3. AOF also has three trigger mechanisms
(1) Each change synchronization always: Synchronous persistence Every data change is recorded immediately. Poor disk performance but good data integrity
(2) Synchronization per second Everysec: asynchronous operation, record every second if the downtime within a second, there is data loss
(3) Different No: never synchronized
4, strengths,
(1) AOF can better protect against data loss. Generally, AOF will execute fsync operation every second through a background thread, and lose data for at most one second. (2) AOF log files do not have any disk addressing overhead, write performance is very high, the file is not easy to damage.
(3) Even if the AOF log file is too large, the background rewrite operation will not affect the client’s reading and writing.

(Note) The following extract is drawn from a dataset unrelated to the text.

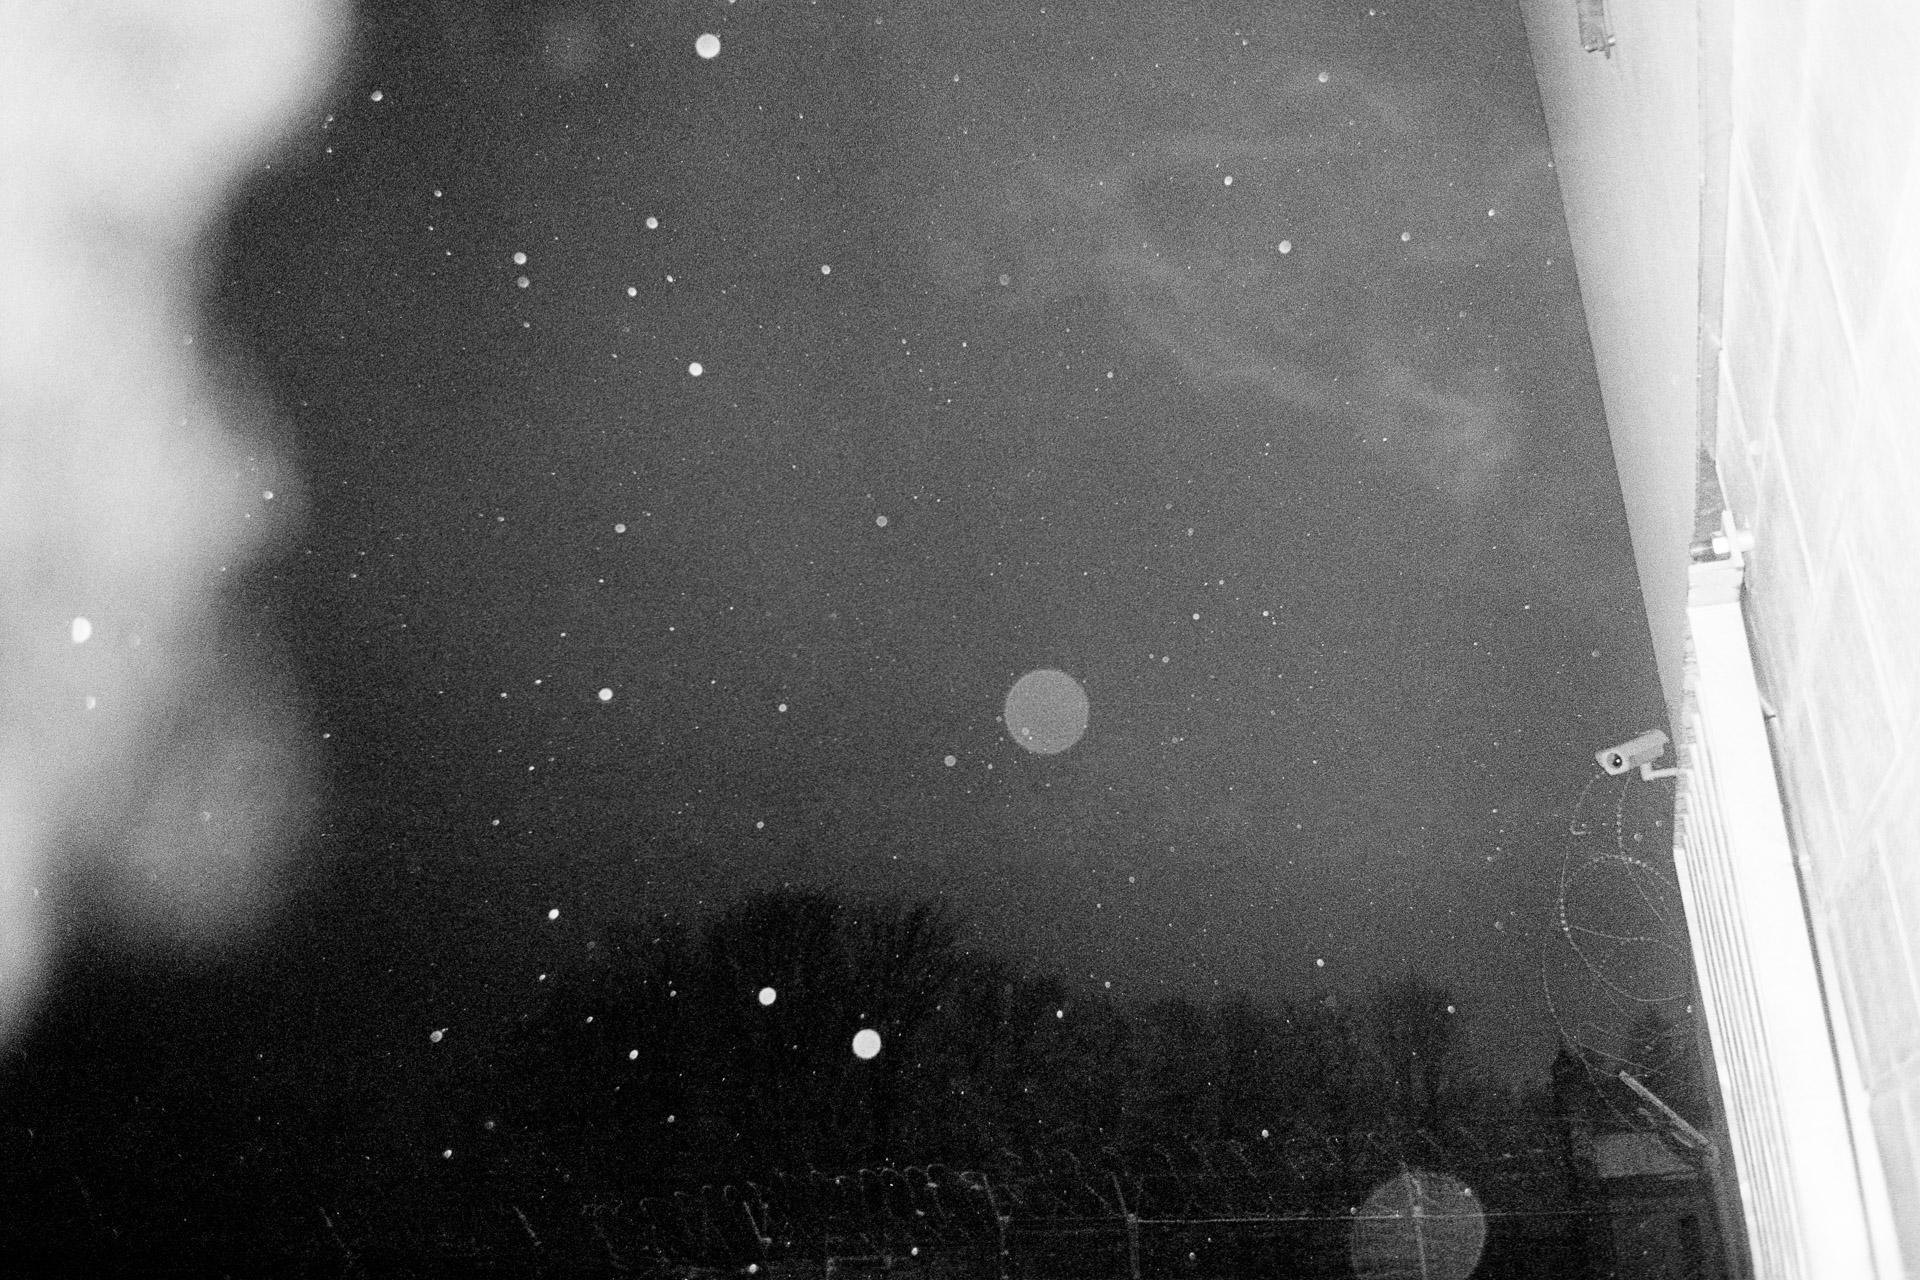 After serving a long sentence, some worry about their release. To prepare for it, they are assisted by an adviser for one year. Certains sont inquiets de leur sortie après avoir passé une longue peine enfermé. Pour la préparer, ils sont accompagnés pendant une année en vue de leur resocialisation par un référent qui les a déjà rencontré lorsqu'ils étaient enfermés. © O / Jérémie Jung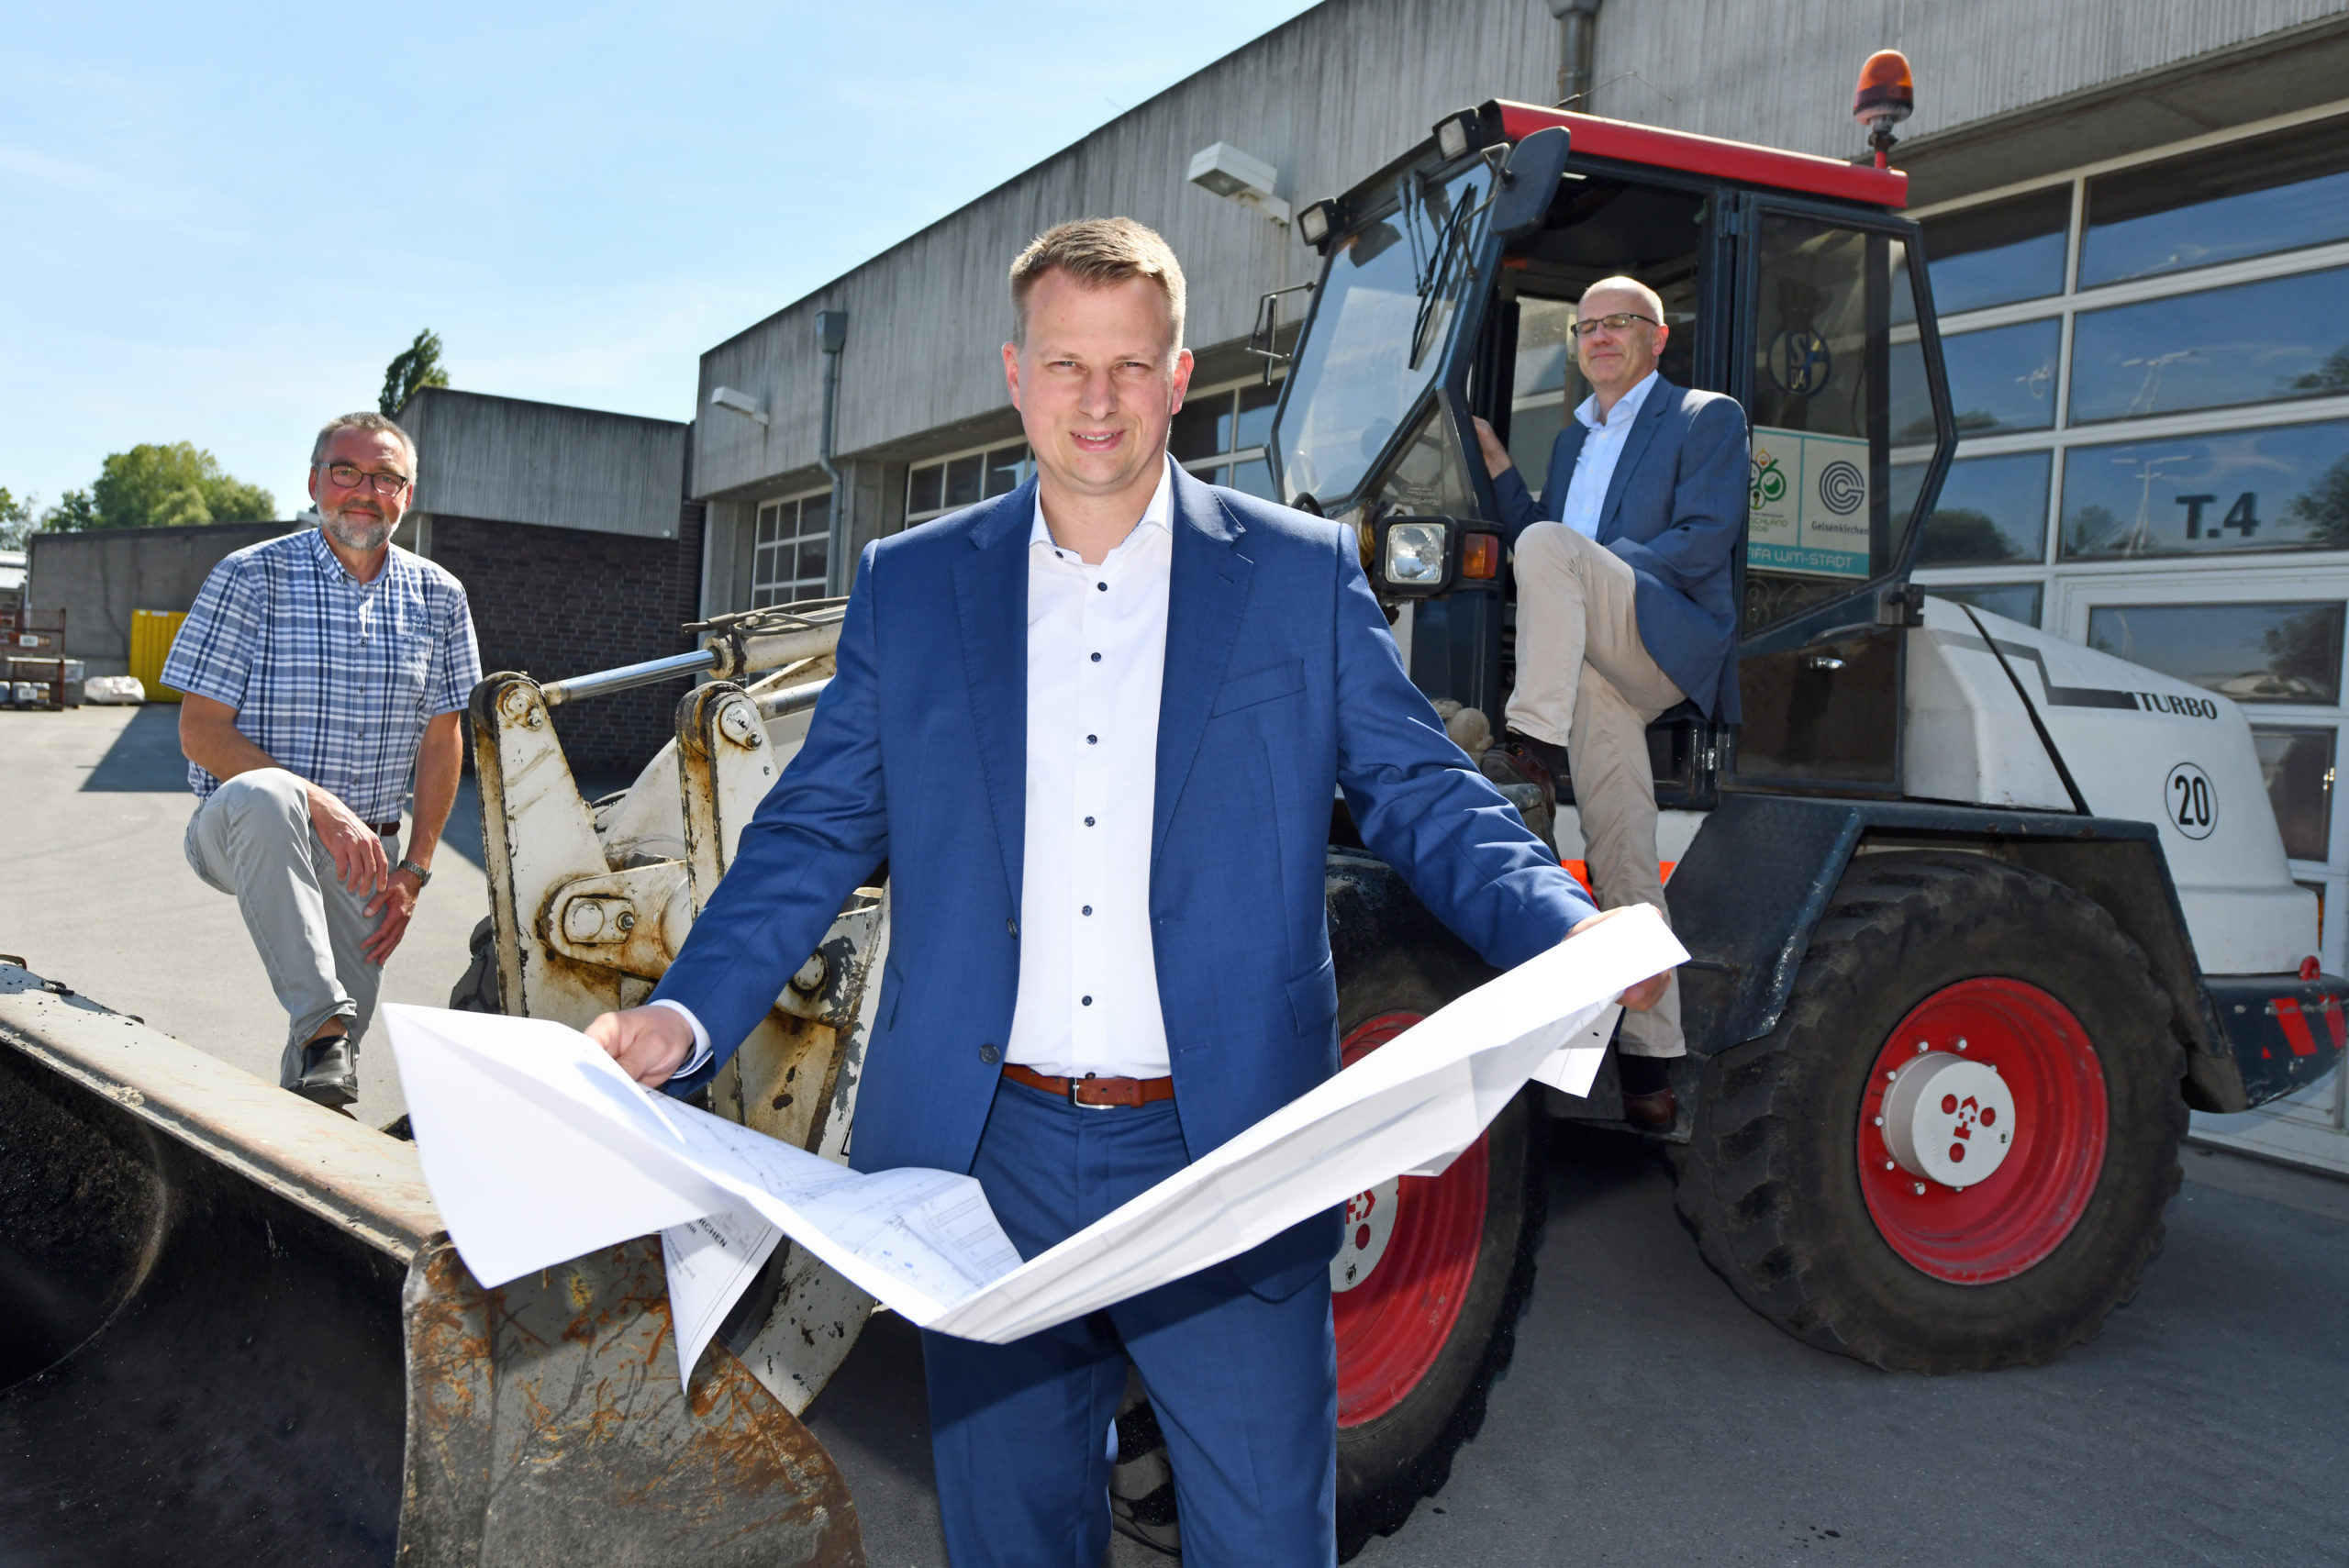 Stadtbaurat Christoph Heidenreich (vorne) präsentierte mit Michael Tappert und Christian Neumann (r.) das Bauprogramm 2021. –Foto: Joachim Kleine-Büning

(4) Commands for AOF log files are recorded in a very readable manner, which is ideal for emergency recovery in the event of catastrophic deletions. Flushhall flushes all data in the flushhall file. Rewrite in the background has not yet happened. Flushhall deletes the last item in the AOF file and then flushes the AOF file back
5 and disadvantages
(1) AOF log files are usually larger than RDB data snapshot files for the same data
(2) When AOF is enabled, the write QPS supported by RDB is lower than that supported by RDB, because AOF is usually configured to fsync log files once per second. Of course, once per second is still very high performance
(3) There was a bug in AOF before, that is, the same data was not recovered when the logs recorded by AOF were recovered.
4. How to choose RDB and AOF
If you choose, the two are better together. Because you get the two persistence mechanisms, you’re left with your own requirements, and you don’t have to choose between them, but they’re usually used in combination. Here’s a picture to summarize:
After comparing these features, the only thing left to look at is yourself.